Two applications showed Unknown status:

kubectl get application <project-c>-sandbox -n argocd \
  -o jsonpath='{.status.conditions[0].message}'

application destination server 'https://kubernetes.default.svc' and
namespace '<project-c>-sandbox' do not match any of the allowed
destinations in project 'dev'

REVIEW: redacted — confirm; `<project-c>` replaces a namespace/service name that may or may not be client-specific

ArgoCD Projects act as a policy layer controlling which namespaces an application can deploy to. The <project-c>-sandbox and <project-c>-production namespaces were missing from the dev and prod project destination lists.

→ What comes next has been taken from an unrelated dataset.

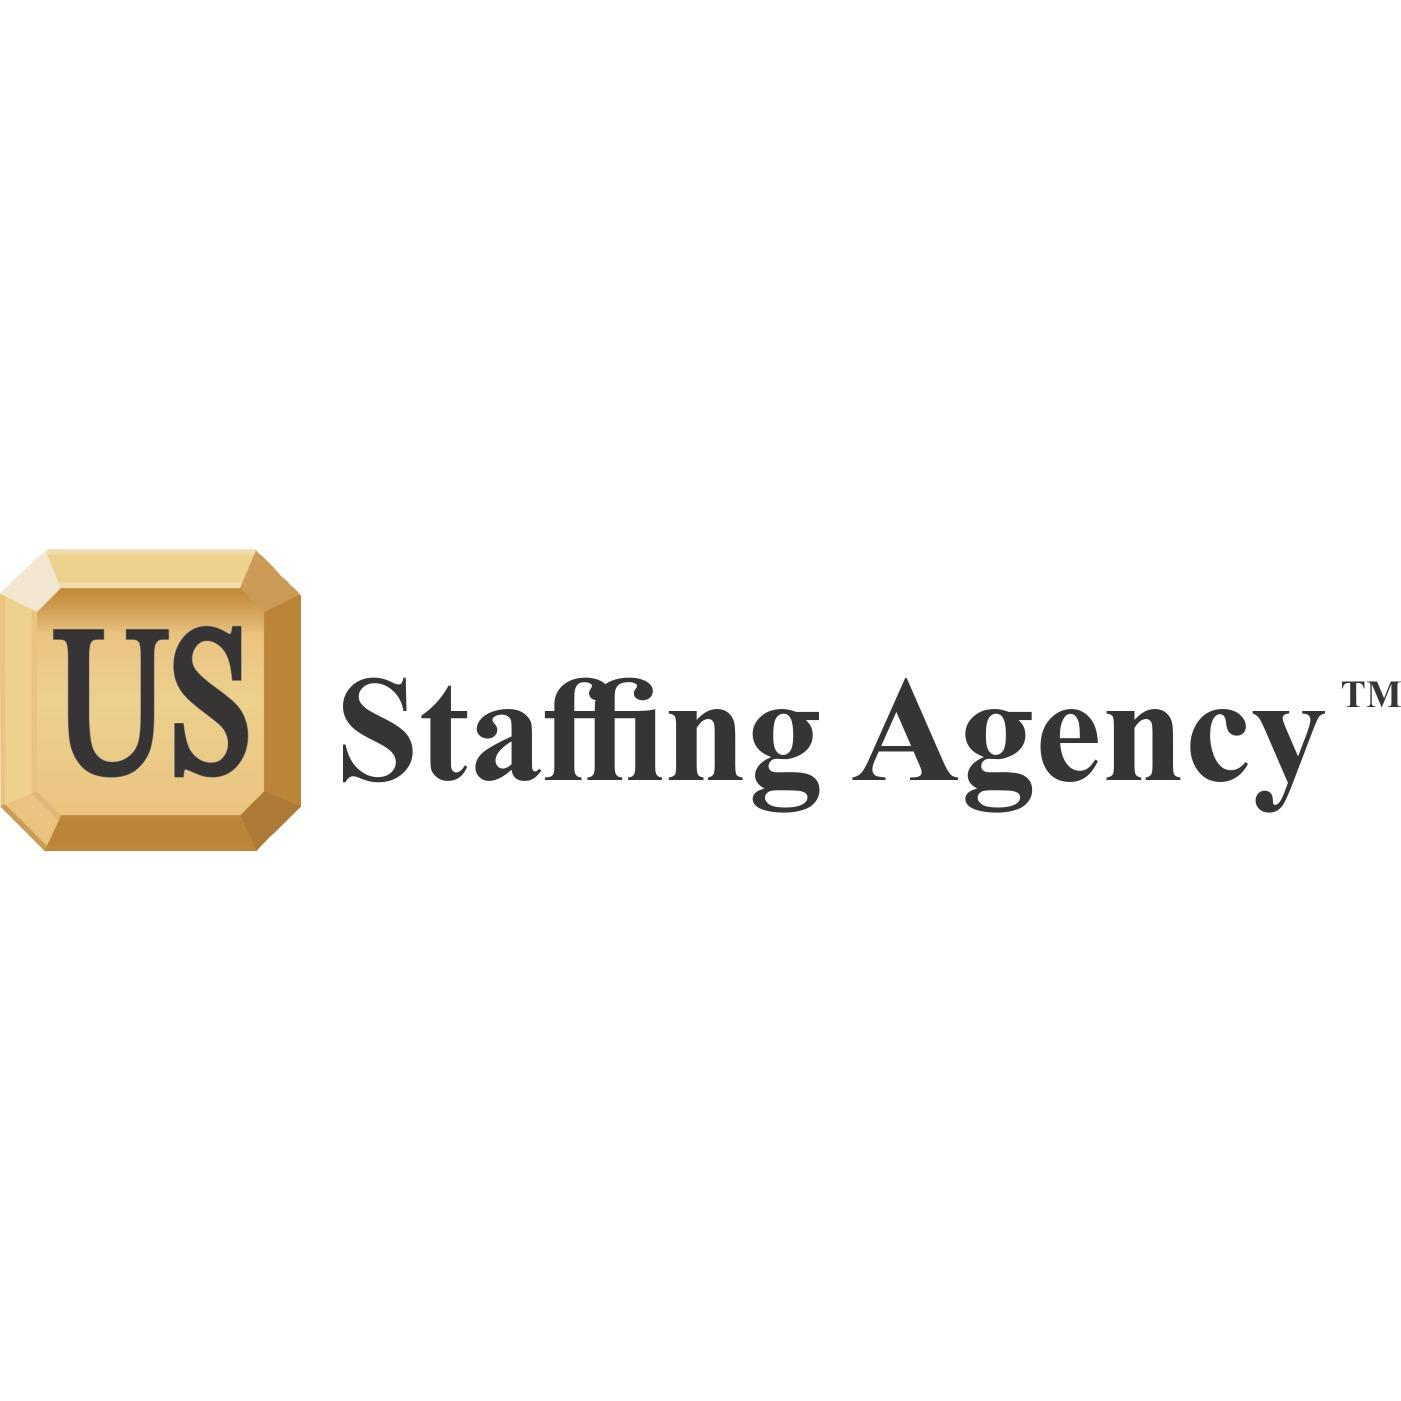 U.S. Staffing Agency - Clarksville, TN 37042 - (931)542-3816 | ShowMeLocal.com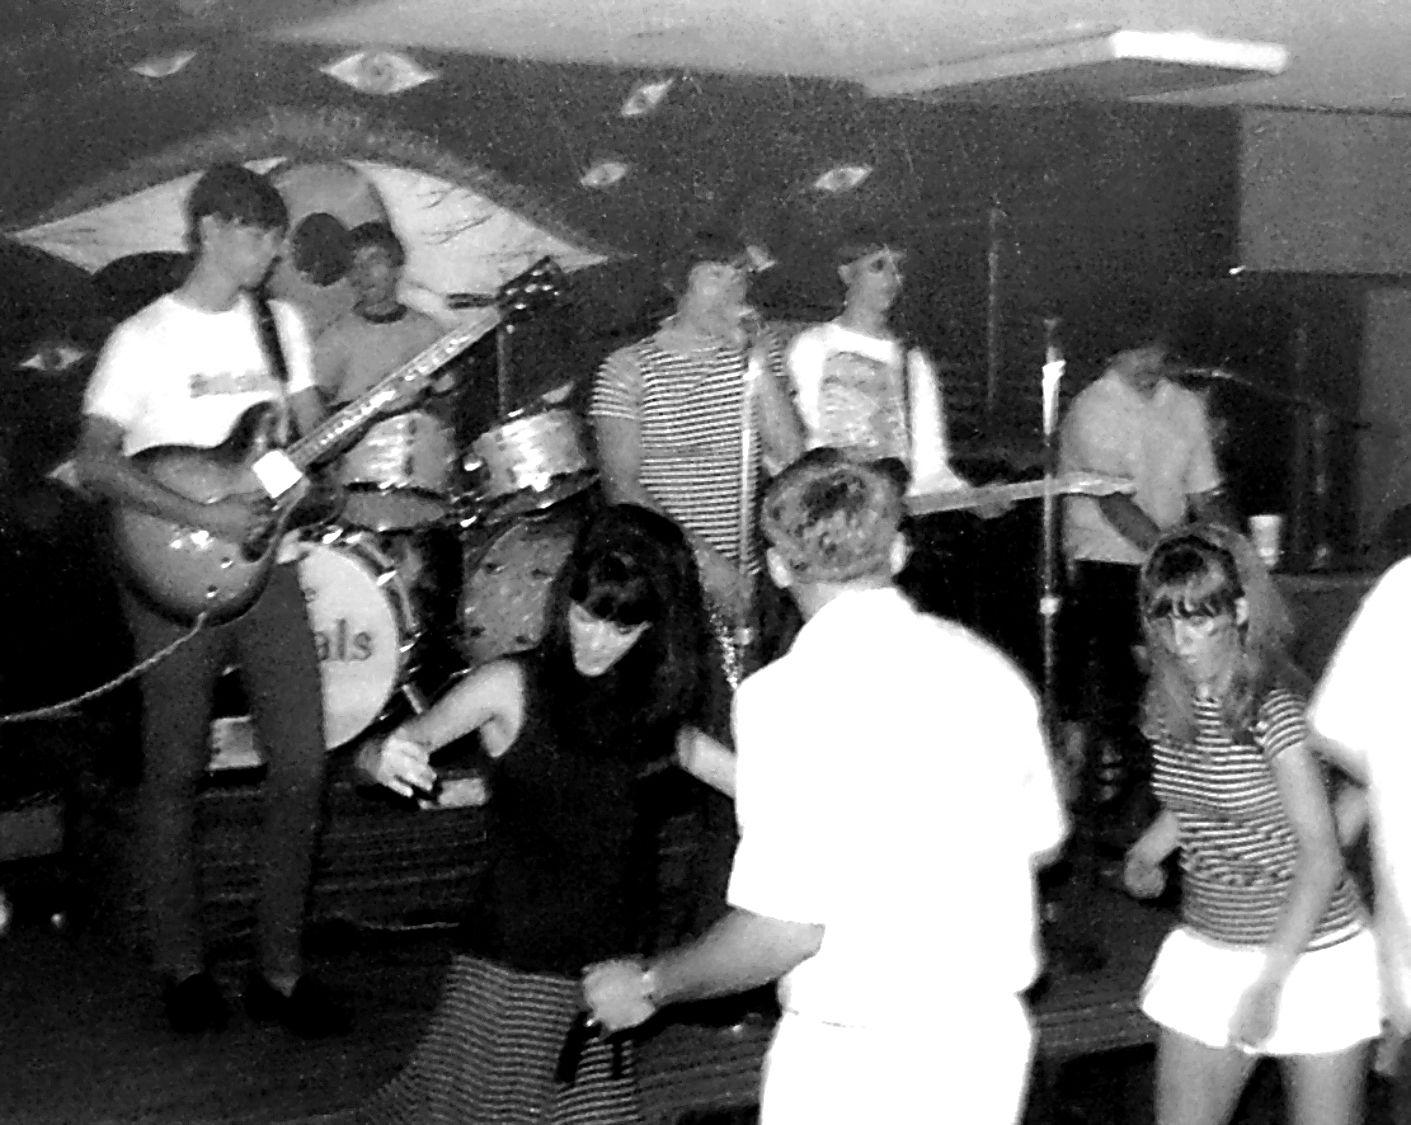 The Jackals, a '60s-era North Texas rock band, perform at the Three Thieves.

# platform/argocd/projects/dev.yaml
destinations:
  # ... existing namespaces ...
  - namespace: <project-c>-sandbox
    server: https://kubernetes.default.svc

After adding the namespaces and applying the project updates, both applications synced to Healthy immediately.

Results

Metric	Before	After
Healthy apps	10/16	14/16
`<project-a>` pod restarts	288 (26h)	0
Stuck sync operations	1	0
Apps with unlimited retries	0	19
Apps with sync wave deadlock risk	2	0

The two remaining Degraded apps (<project-b>-*) require an application code fix.

Production Rules

Sync waves are a liability for standard deployments. They introduce ordering dependencies that create deadlocks when any resource in a wave fails. Reserve sync waves for genuine ordering requirements (CRDs before CRs).
Set retry.limit: -1. The default limit of 5 causes ArgoCD to abandon broken applications after a few minutes. Unlimited retries with exponential backoff ensures fix commits are picked up automatically without manual intervention.
Liveness probes must use tools present in the container image. Minimal images may lack ps, curl, or wget. The /proc filesystem is always available on Linux and provides process information without additional packages.
A stuck sync operation blocks all future syncs. Clear it with kubectl patch application <name> -n argocd --type merge -p '{"operation": null}' before forcing a fresh sync.
ArgoCD Project destination lists are a common blind spot. When adding a new application, verify the target namespace is in the project’s allowed destinations. The InvalidSpecError appears in .status.conditions but is easy to miss in the UI.
Compare working and broken environments. Production was partially working while sandbox was completely broken. Comparing the two revealed which issues were image-specific (liveness probe) versus sync-specific (stuck operation).